I, (II), III, (IV), V, VII

II, (III), IV, VI, VII

II, III, (IV), VI

(I), II, (III), (IV)

I, (III), (IV), V

(II), (III), IV

(II), III, (IV), V

(II), III, (IV), (V), VI

(II), III, IV, (VI), (VII), VIII

(II), (III), IV, (VI)

I, (III), (IV), V, VII

(II), (III), (IV), (V), VI

(I), II, (III), IV, (V), VI, VII

(II), III, IV, VI, VIII

(I), (II), III, IV, VI

(I), II, (III), IV, VI

(II), III, (IV), (V)

No data

No data

(II), III, IV, (V), VI

In brackets are given those valences that the elements possessing them rarely show.
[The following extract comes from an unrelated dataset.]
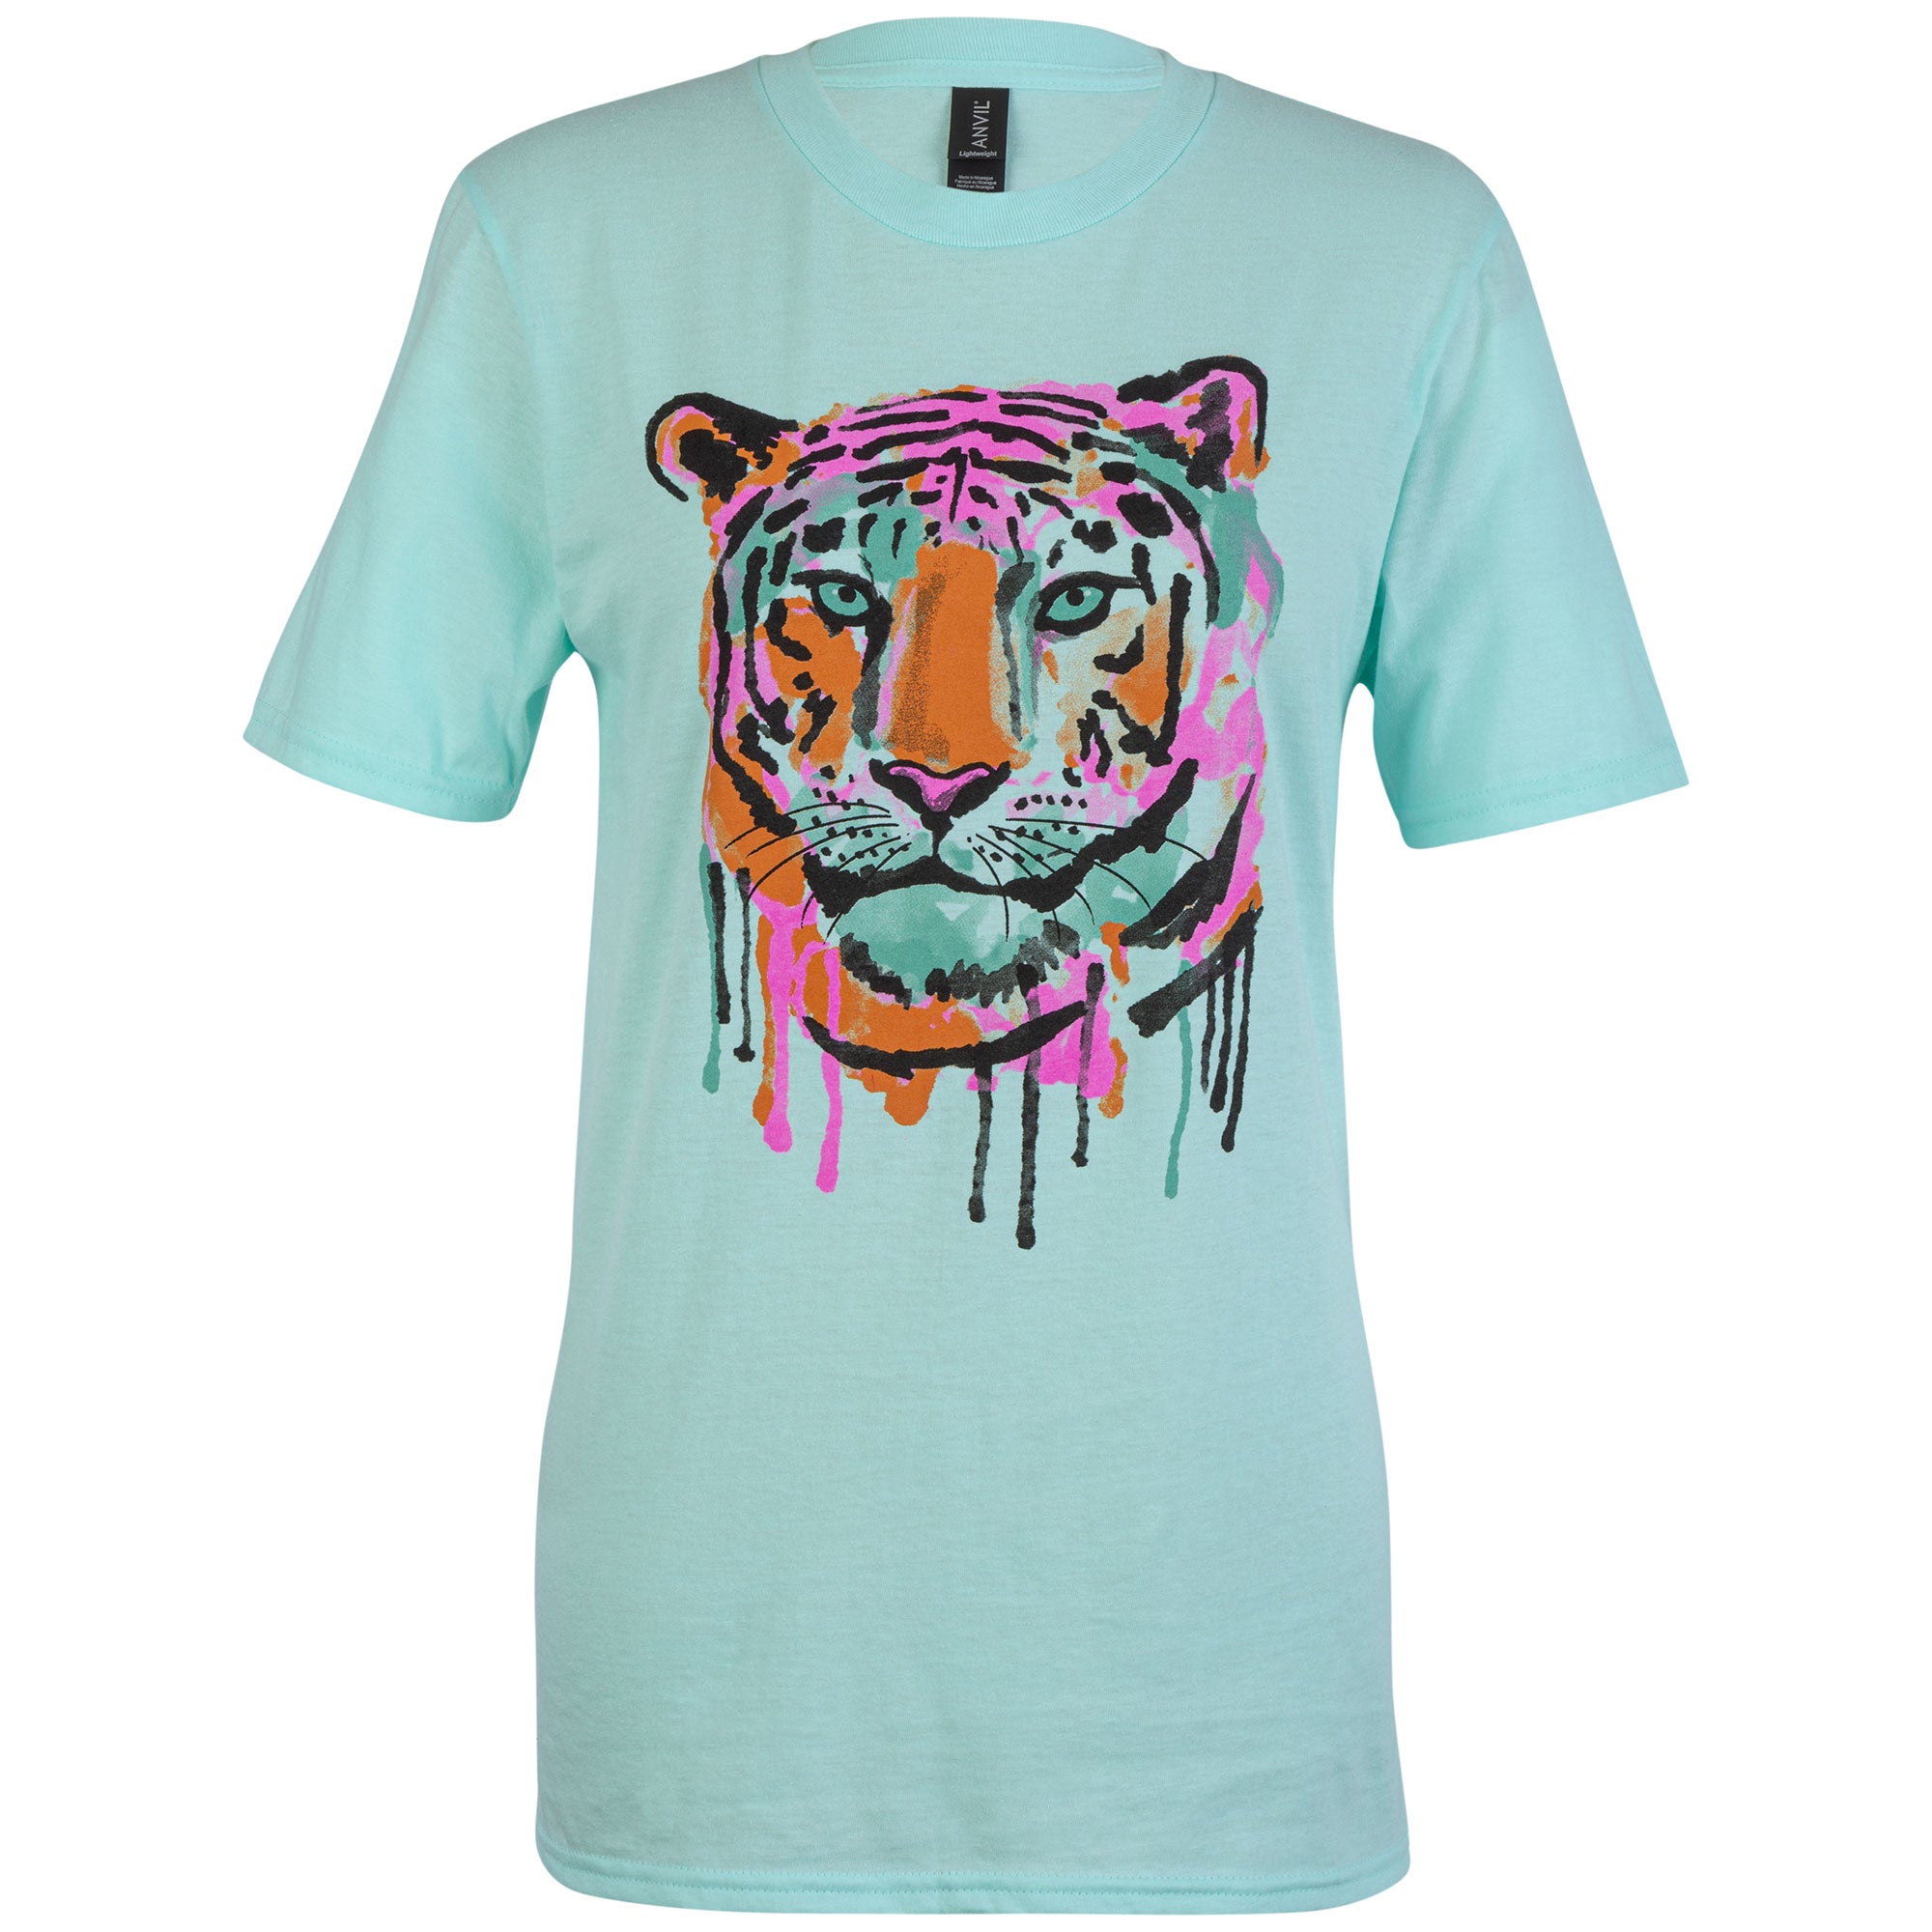 Painted Tiger T-Shirt - XXL

Valency and oxidation state

So, speaking of the degree of oxidation, they mean that an atom in a substance of an ionic (which is important) nature has a certain conditional charge. And if valence is a neutral characteristic, then the oxidation state can be negative, positive or equal to zero.
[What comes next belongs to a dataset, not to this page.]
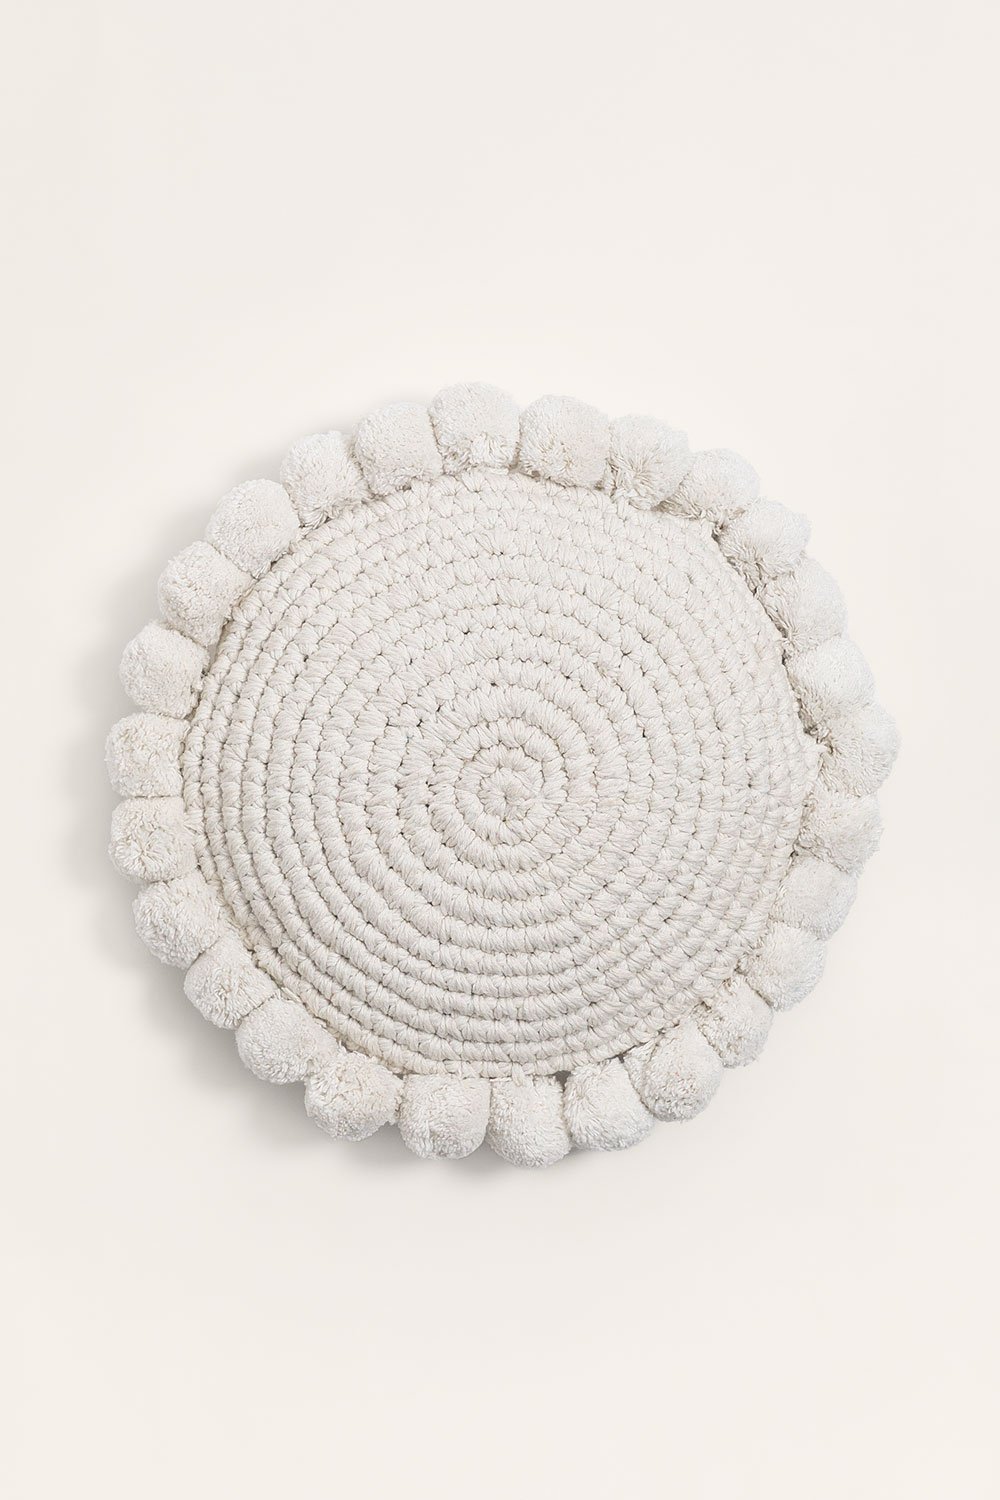 Cuscino rotondo in cotone (Ø30 cm) Yilda - SKLUM

It is interesting that for an atom of the same element, depending on the elements with which it forms a chemical compound, the valency and oxidation state can be the same (H 2 O, CH 4, etc.) and differ (H 2 O 2, HNO 3 ).

Conclusion

Deepening your knowledge of the structure of atoms, you will learn more deeply and in more detail about valency. This characterization of chemical elements is not exhaustive. But it has great applied value. What you yourself have seen more than once, solving problems and conducting chemical experiments in the classroom.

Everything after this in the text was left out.